Pointers (Fall 2023)
New year, new old computing stuff.
- Eternal Jukebox will extend the song of your choice indefinitely. There is no observable effect on The Mars Volta.
- Chromostereopsis is an effect you may have seen where red figures on black backgrounds seem to pop out, or strong red and blue contrasting figures seem to leap out from or recede into the image, respectively; this page has some great examples, though it lacks this picture of two brains that has an especially strong effect for me.
- Jenny Odell revisits Emerson’s “Self Reliance,” and asks, in quotation: "…do we or do we not live in a world in which we assist each other?"
- A peek into the lives of the (possibly) fake people sending (definitely) fake texts in Apple marketing materials.

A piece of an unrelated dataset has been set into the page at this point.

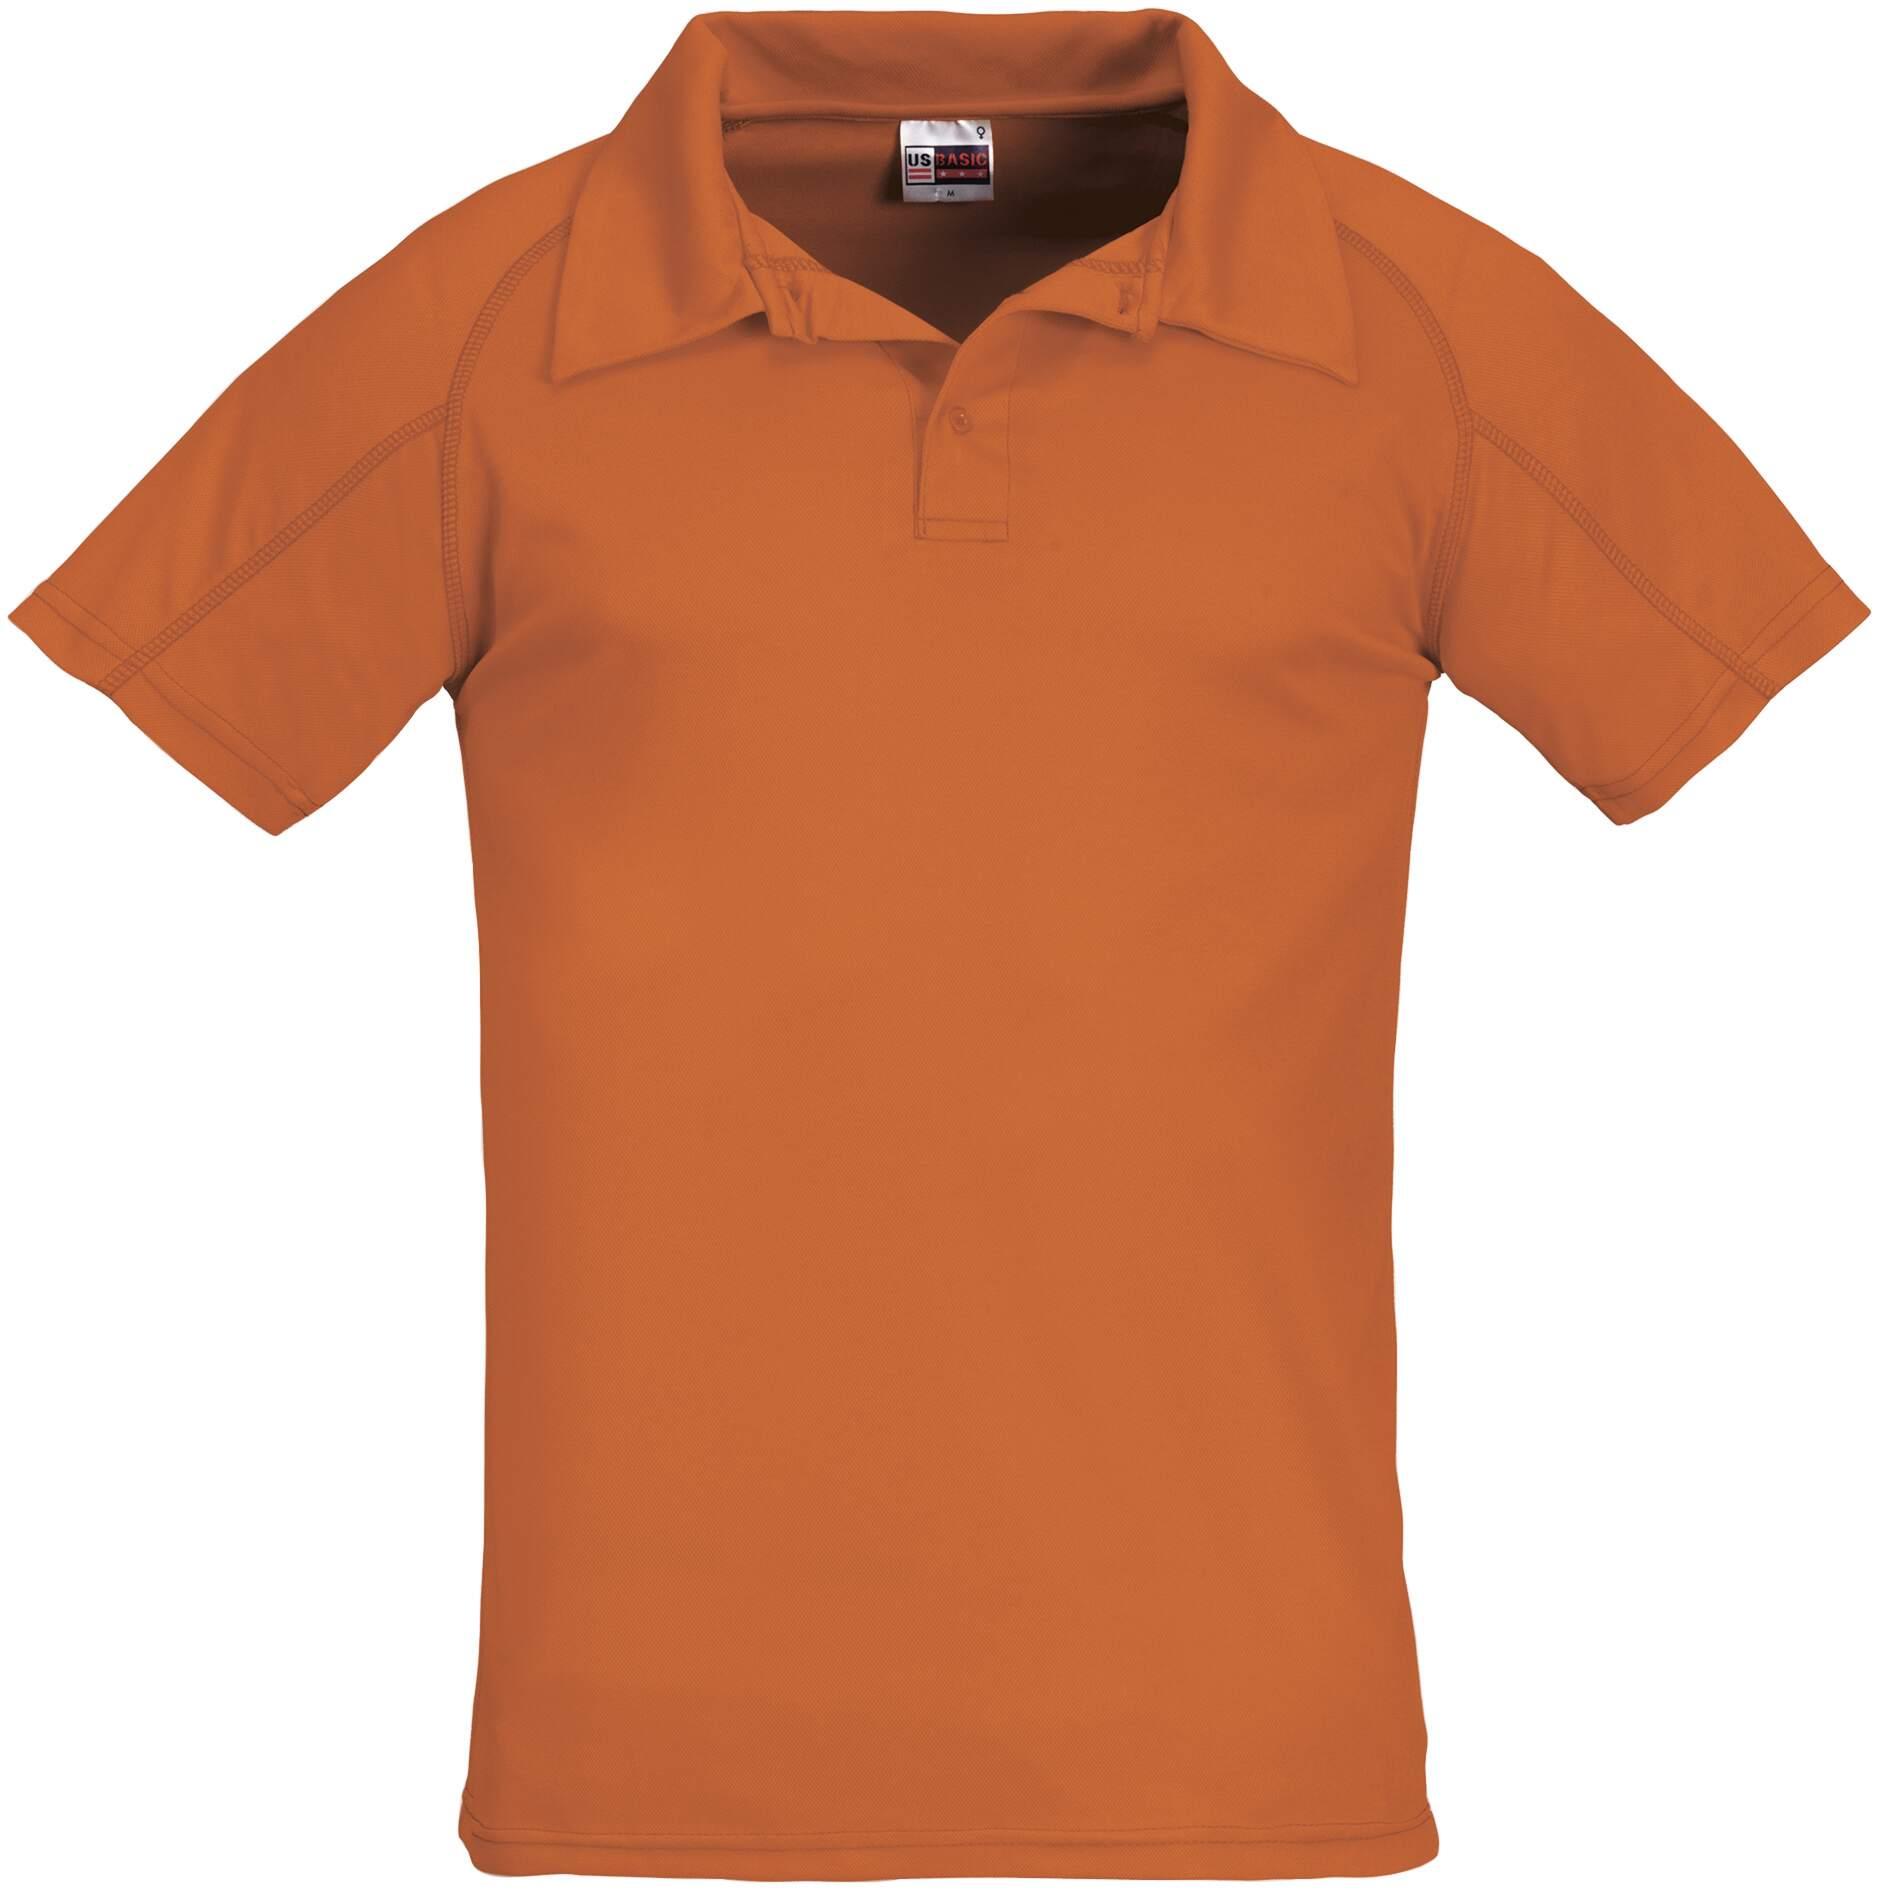 Koszulki Polo US 31098 Cool Fit - 31098_pomarańczowy_US - Kolor: Pomarańczowy

- Given how primitive Atari 2600 games’ graphics were, I never really appreciated the incredible effort required to produce them. You may notice, halfway through the article, that backgrounds are constrained to be symmetrical and yet it’s obvious from the images that Pitfall’s background were not; the reason they’re not is a great design choice on the part of Pitfall’s creator, David Crane.
- MacPaint, but for nail design.
- Smooth McGroove is back, a capella beeps and boops fully intact.
- Charity Majors on why to become a manager: it might just make you a better person.
- On that note, new managers could do worse than to follow this one-page checklist from Patrick Newman.
- And if you want to hire good people, it’s unwise to literally refuse to pay them one dollar more than you offered.